··· Records supplied

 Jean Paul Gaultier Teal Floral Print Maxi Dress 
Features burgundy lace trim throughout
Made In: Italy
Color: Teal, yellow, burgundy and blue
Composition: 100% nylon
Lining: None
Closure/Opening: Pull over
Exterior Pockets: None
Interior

······
··· Records supplied

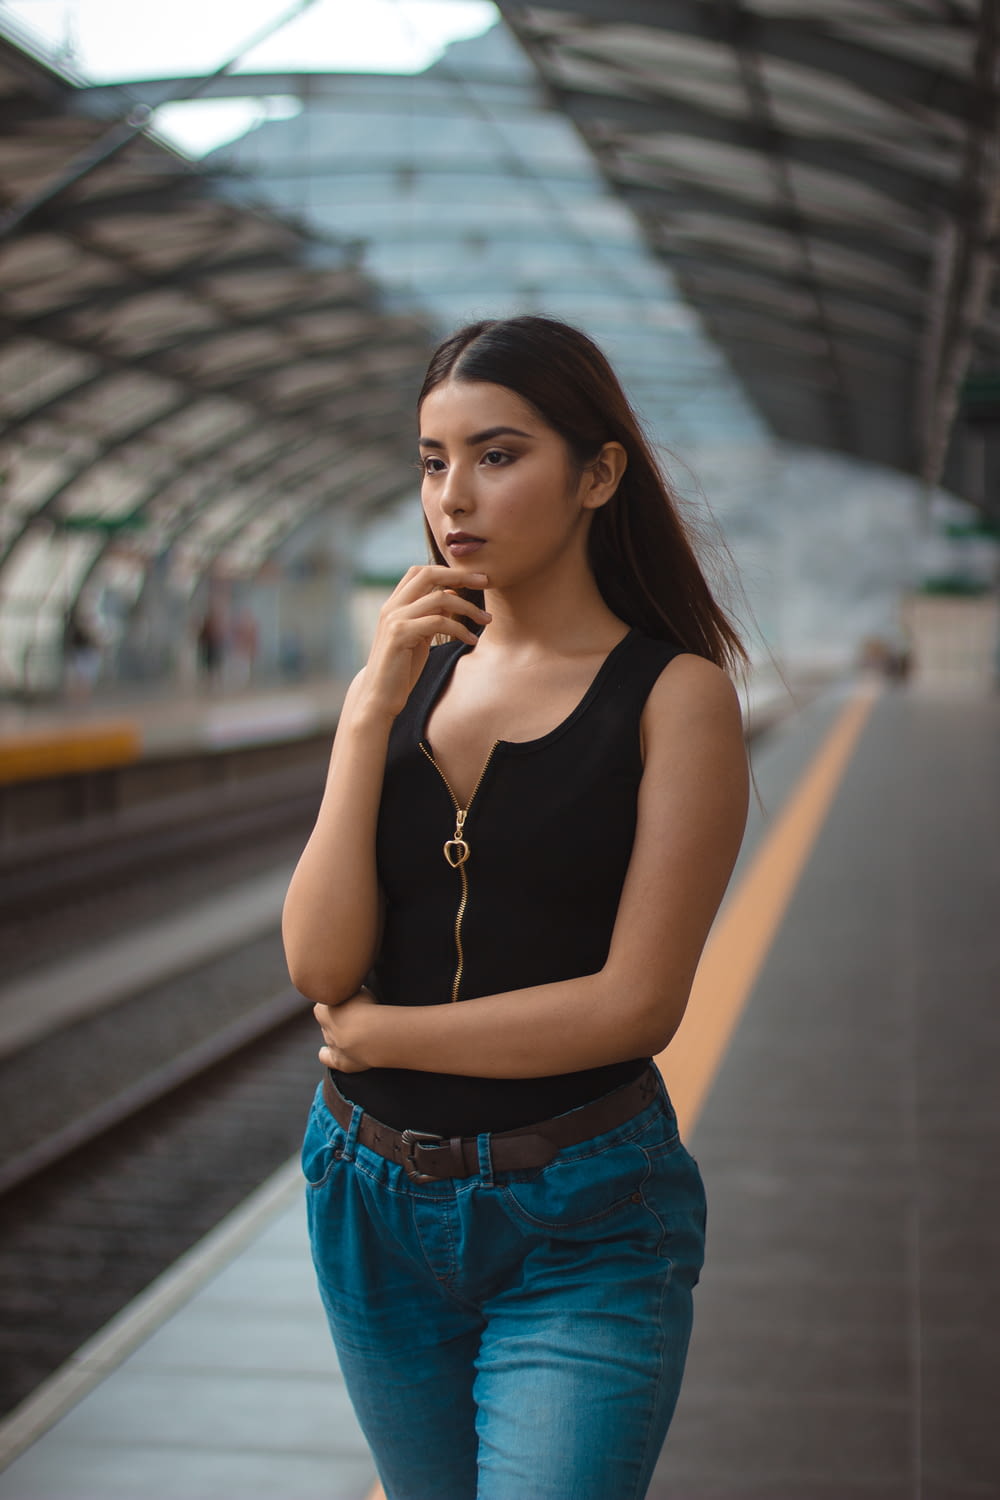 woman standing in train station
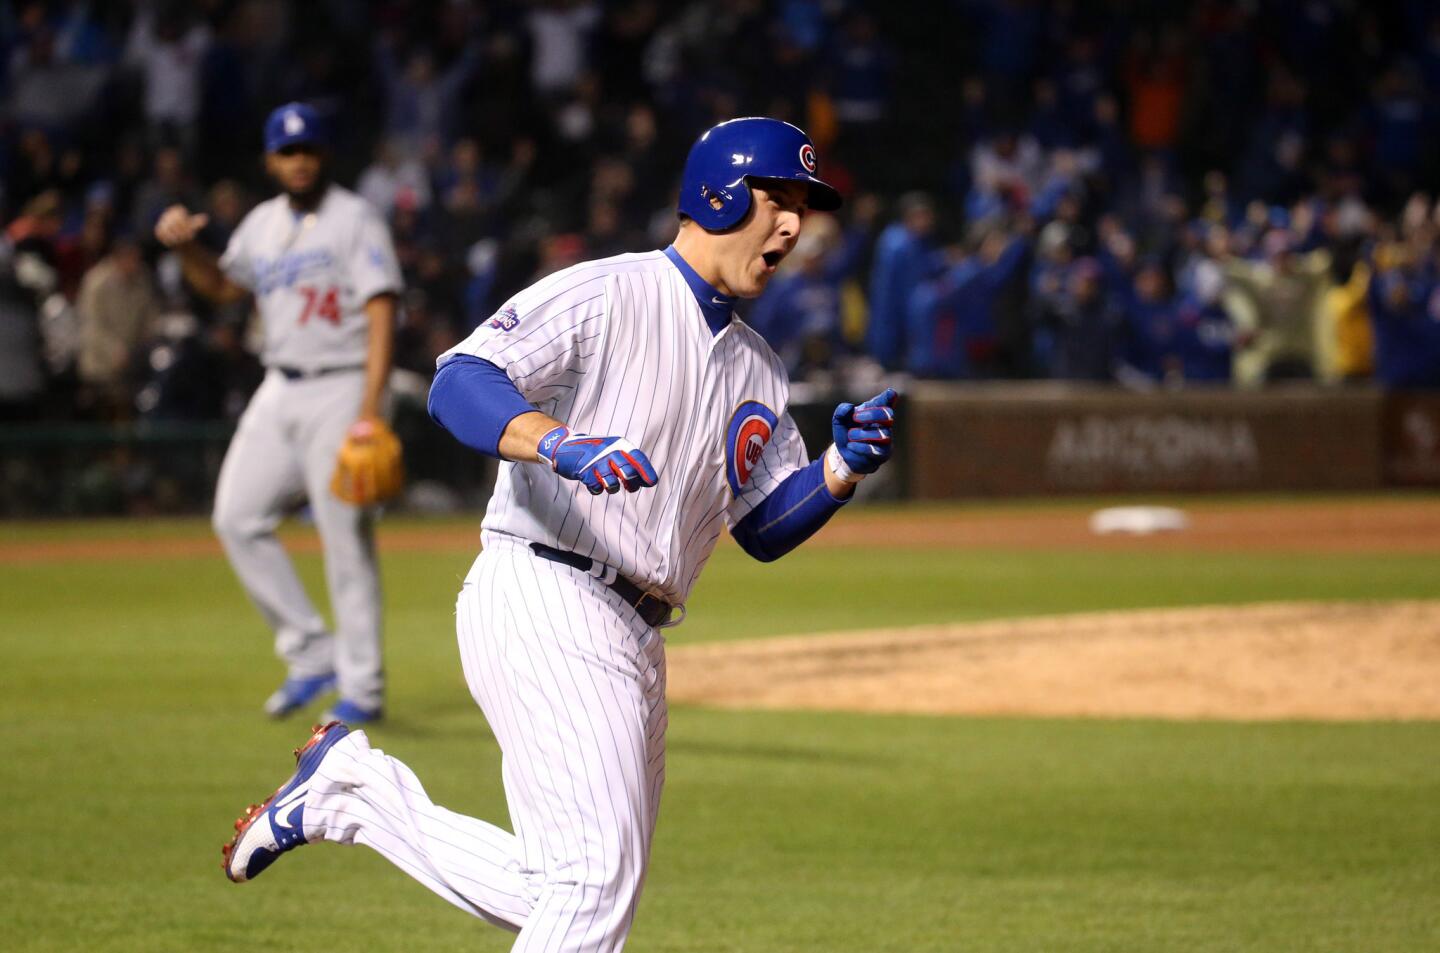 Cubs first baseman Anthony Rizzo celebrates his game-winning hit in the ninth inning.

······

*What you are asked to do:* Show the lines of the records that contain the word "burgundy".

*Task response:*
Features burgundy lace trim throughout
Color: Teal, yellow, burgundy and blue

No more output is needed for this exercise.